If you think that urbanism is trying to solve the problem of a lack of places with traditional urban form—places which are financially productive, human-scaled, walkable and all the other things that urbanism does well—then the solution is simple: build more such places. As a bonus, this will also alleviate a key cause of gentrification: the upward rent pressure on existing walkable areas that are in high demand because of the scarcity of such environments after half a century of suburbanization.

If you think the problem is a lack of investment in urban places, then the solution is simple: more investment.

But cities are complex, and not all investment is created equal. A major reason anti-gentrification activists and tenants' rights activists are so hesitant to embrace the cause of redevelopment is because so much of the urbanist community seems indifferent to questions of equity, and uninterested in grappling with the deep history of who has profited at the expense of whom. We haven't proven ourselves trustworthy allies.

If urbanists want a renaissance of inner-city neighborhoods, and want those neighborhoods as their allies in calling for one, they should be advocating policies that really transfer capital and control from the big guy to the little guy—that give the people who stuck it out through the lean years a controlling stake in their neighborhoods' rebirth.

In my next and final article in this series, I'll go into detail on such policies—outlining a "gentrification-proofing" agenda that achieves the goals of urbanism in a better way than simply upzoning and removing regulatory barriers to development would do so.

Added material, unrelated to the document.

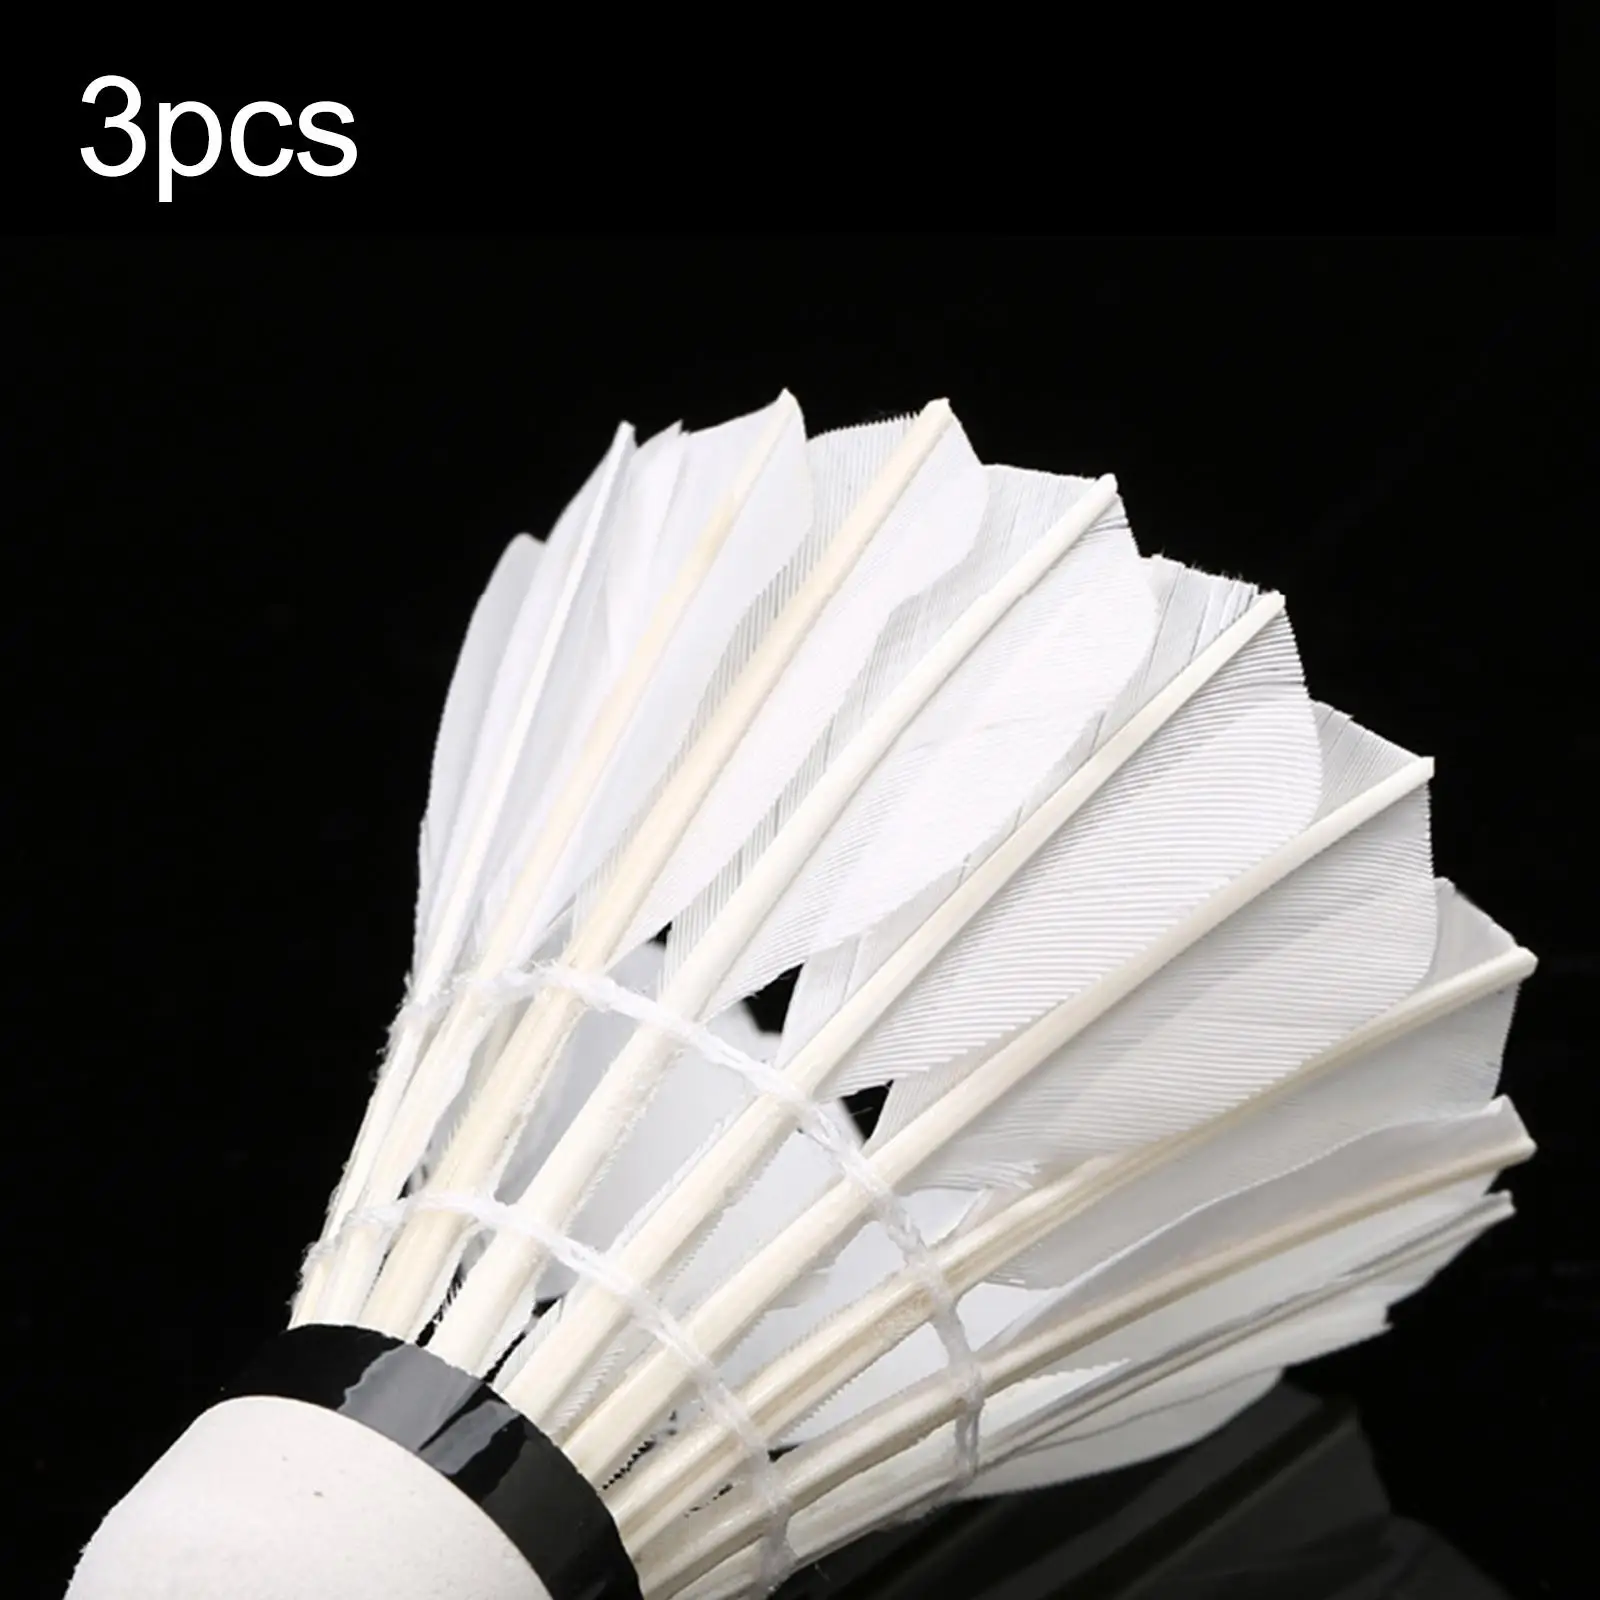 3Pcs Badminton Shuttlecocks White for Practice Sport Recreational Game Play

The Dudley Street Neighborhood Initiative has used a land-trust model to preserve a working-class neighborhood in modern-day Boston. Image Source: Google.

In my mind, this agenda would be a combination of some of the best ideas that urbanist thinkers have to offer with the best ideas that community developers and tenants' rights advocates have to offer. From urbanists, we get policies that can reduce the barriers to entry for incremental and small-scale developers and make more "bootstrapping" opportunities in neighborhoods for resourceful would-be revitalizers. From community advocates, we get such things as hybrid ownership models like land trusts and co-ops, which can allow a broader range of people to have a direct financial stake in the success of the place they live, and to prosper as their neighborhood prospers.

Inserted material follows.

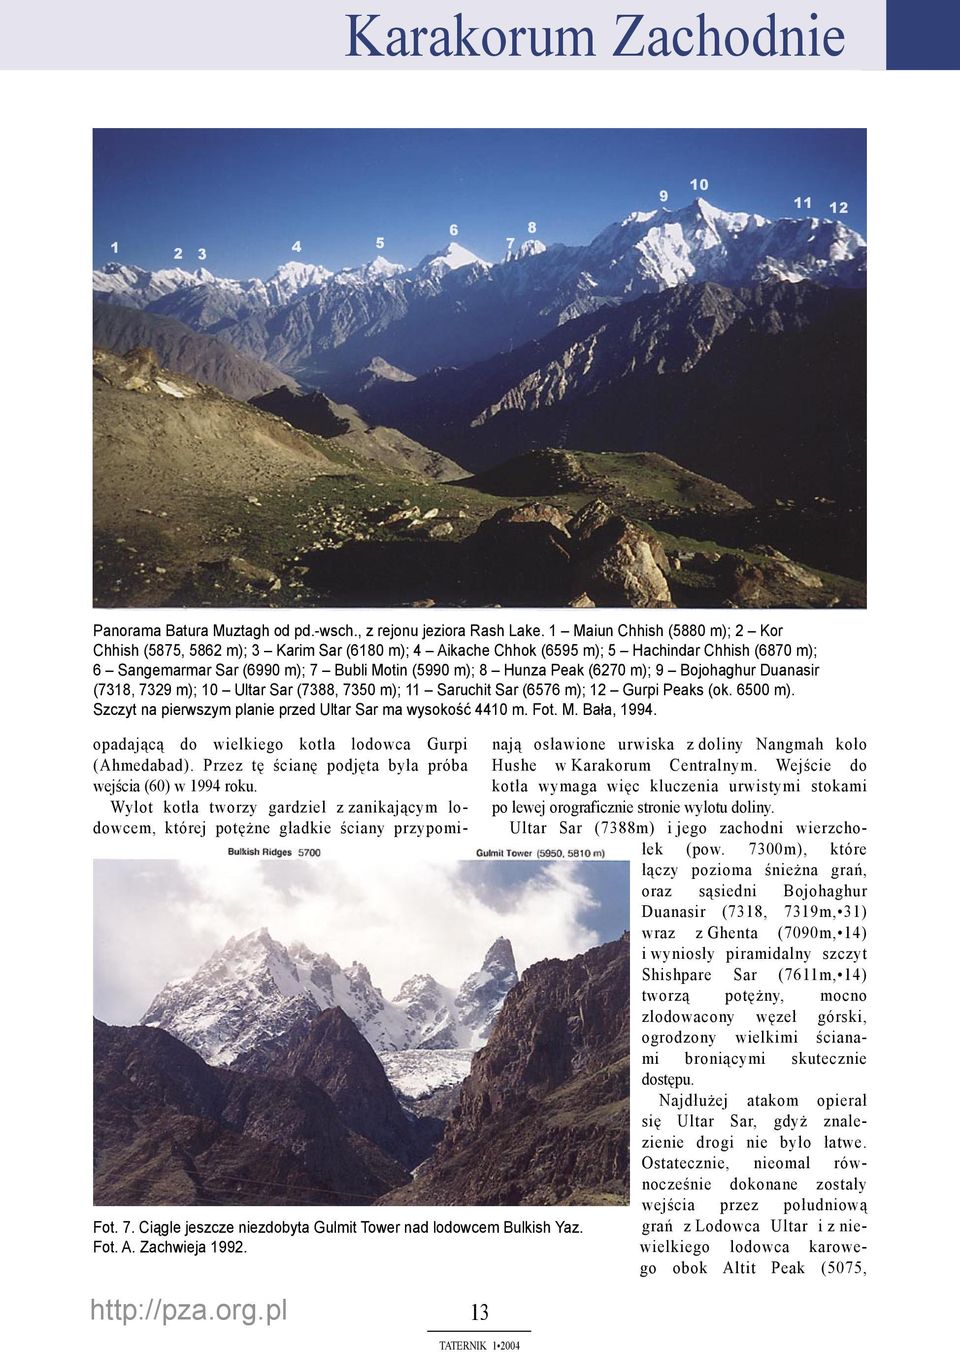 (6270 m); 9 Bojohaghur Duanasir (7318, 7329 m); 10 Ultar Sar (7388, 7350 m); 11 Saruchit Sar (6576 m); 12 Gurpi Peaks (ok. 6500 m). Szczyt na pierwszym planie przed Ultar Sar ma wysokość 4410 m. Fot.

The fact that most neighborhoods in poverty aren't yet rebounding out of poverty—that there isn’t a flood of redevelopment in places like North Minneapolis yet—is all the more reason to deal with these issues now. If we can do that, we will enable our neighborhoods to be resilient over the long-term—not just momentarily overflowing with big investment dollars that will move on when they see the next shiny object ahead. If we do that, we will be building strong towns.